World War I ended with the signing of the Armistice of November 11, 1918. Though the fighting stopped, the war's potential to resume still existed and peace was only reached when representatives of Germany signed the Treaty of Versailles on June 28, 1919, exactly five years after the assassination of Archduke Franz Ferdinand. The United States entered the war after it had been raging for years. When it did send men to the fronts of Europe, the U.S. armed forces remained segregated, with all-black and all-white units. Despite the segregation, many African Americans still volunteered to join the Allied war effort. By the time of the armistice with Germany, more than 350,000 African Americans had joined the military and risked their lives to serve with the American Expeditionary Force on the Western Front.

In days prior to the riot, tensions were inflamed when civil unrest broke out in the nearby Washington Race Riot. Dozens were killed and even more injured in that riot.

==Incident==
In July 1919, residents of Norfolk, Virginia, planned a week-long celebration to honor the return of black troops to their city. During the celebration, it was alleged that a fight broke out between African Americans attending the event. White police moved in to make arrests, which sparked a riot that quickly spread to the black neighborhoods of the city. Alarmed, the city authorities called in police reserves and requested help from the navy. The naval base armed 100 sailors and 18 marines, and sent them into the fray to restore order. The clashes between whites and blacks that day resulted in two deaths and several injuries. Police officers C.H. Sheldon and B.C. Vick were shot in the foot and the leg, respectively.

==Aftermath==

The uprising in Norfolk was one of several incidents of civil unrest that are now known as the American Red Summer of 1919. Attacks on black communities and white oppression spread to more than three dozen cities and counties. In most cases, white mobs attacked African American neighborhoods. In some cases, black community groups resisted the attacks, especially in Chicago and Washington, D.C. Most deaths occurred in rural areas during events like the Elaine massacre in Arkansas, where an estimated 100 to 240 blacks and 5 whites were killed. Other major events of Red Summer were the Chicago race riot and Washington D.C. Race Riot, which caused 38 and 39 deaths, respectively.

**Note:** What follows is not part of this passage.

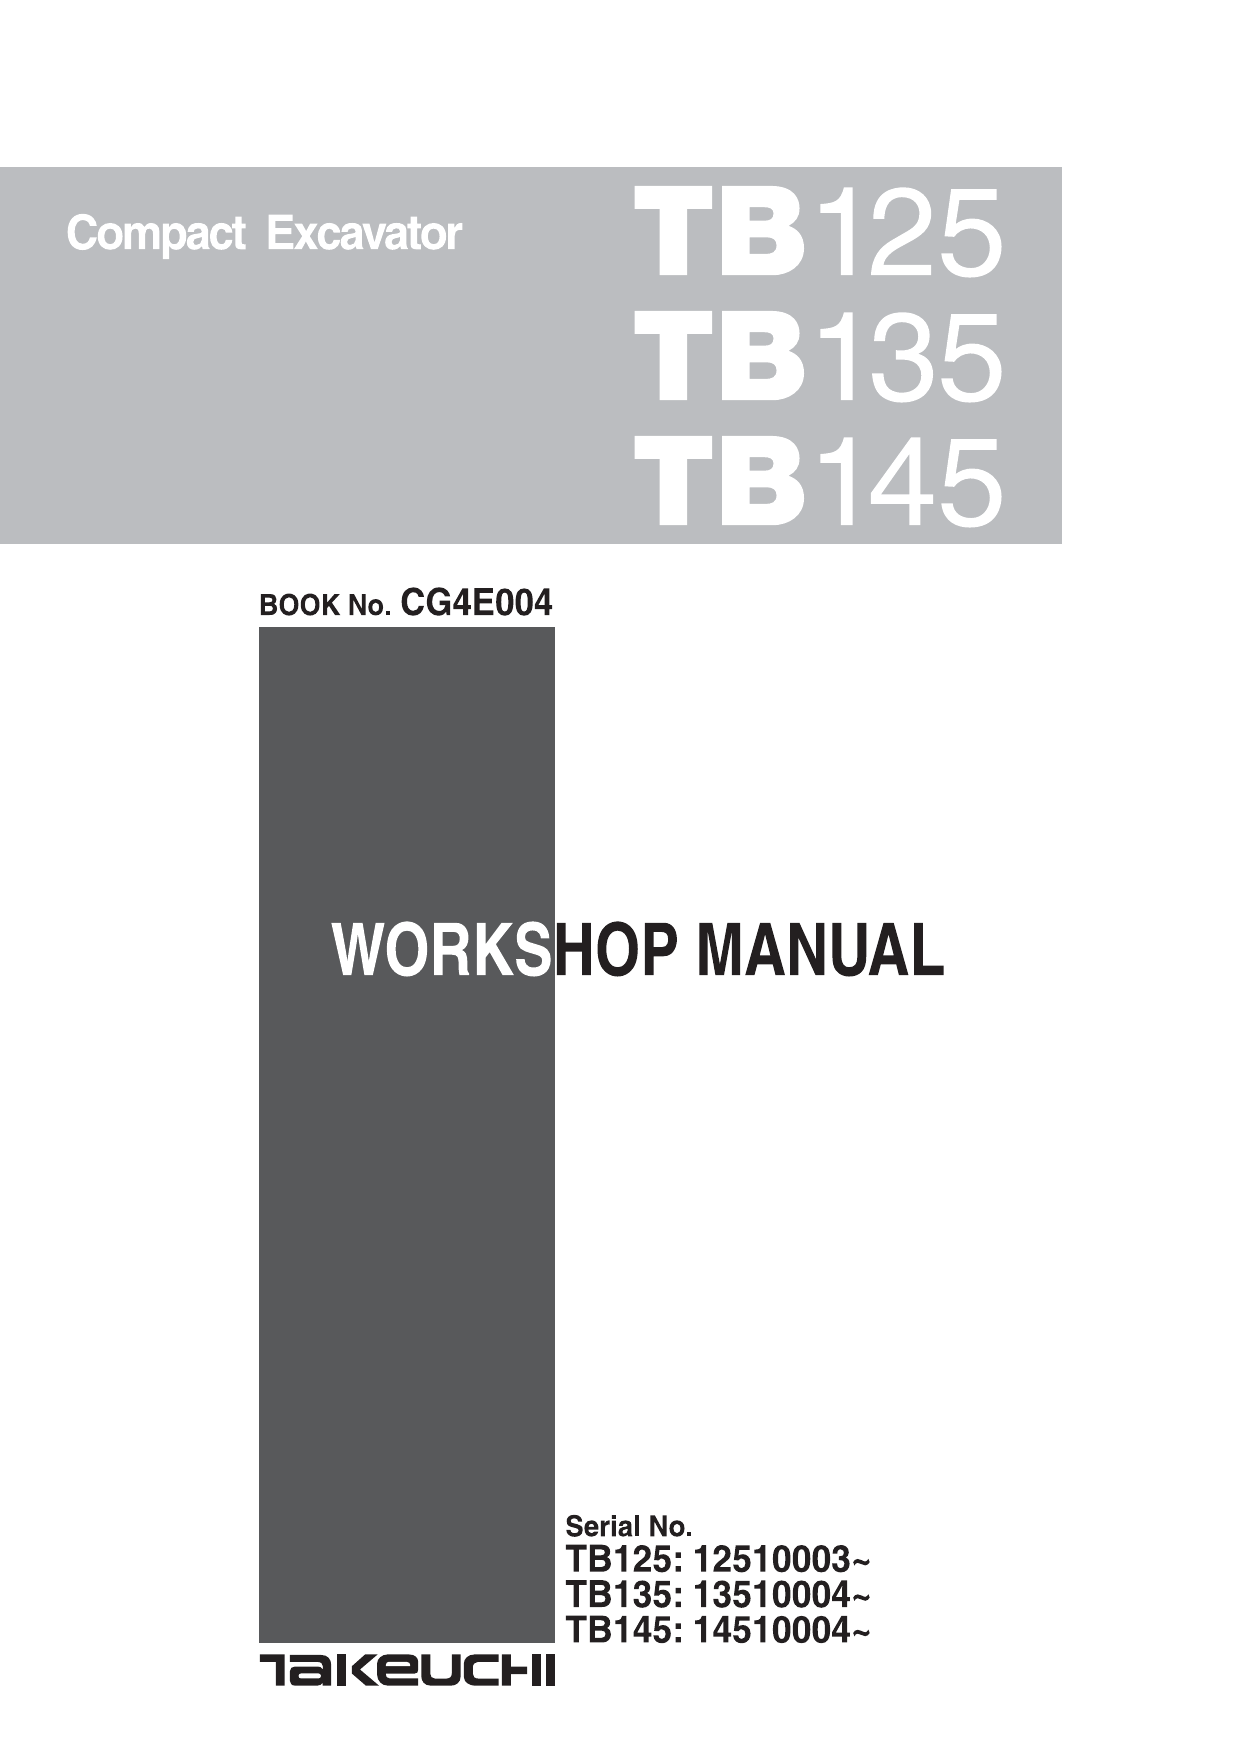 Takeuchi TB 145 compact excavator workshop manual Preview image 1

Both riots had many more non-fatal injuries and extensive property damage reaching up into the millions of dollars.

==See also==

- Washington race riot of 1919
- Mass racial violence in the United States
- List of incidents of civil unrest in the United States

==Bibliography==
Notes

References
- Evening star (1919). "Six Shot In Race Riot at Norfolk"
- Evening star. "Presence of soldiers in city helps to keep down rioting"
- Gilmore, Gerry J. (2007). "African-Americans Continue Tradition of Distinguished Service"
- McWhirter, Cameron (2011). "Red Summer: The Summer of 1919 and the Awakening of Black America" - Total pages: 368
- The New York Times (1919). "For Action on Race Riot Peril"
- The Washington Times (1919). "Six Shot In Race Riot at Norfolk"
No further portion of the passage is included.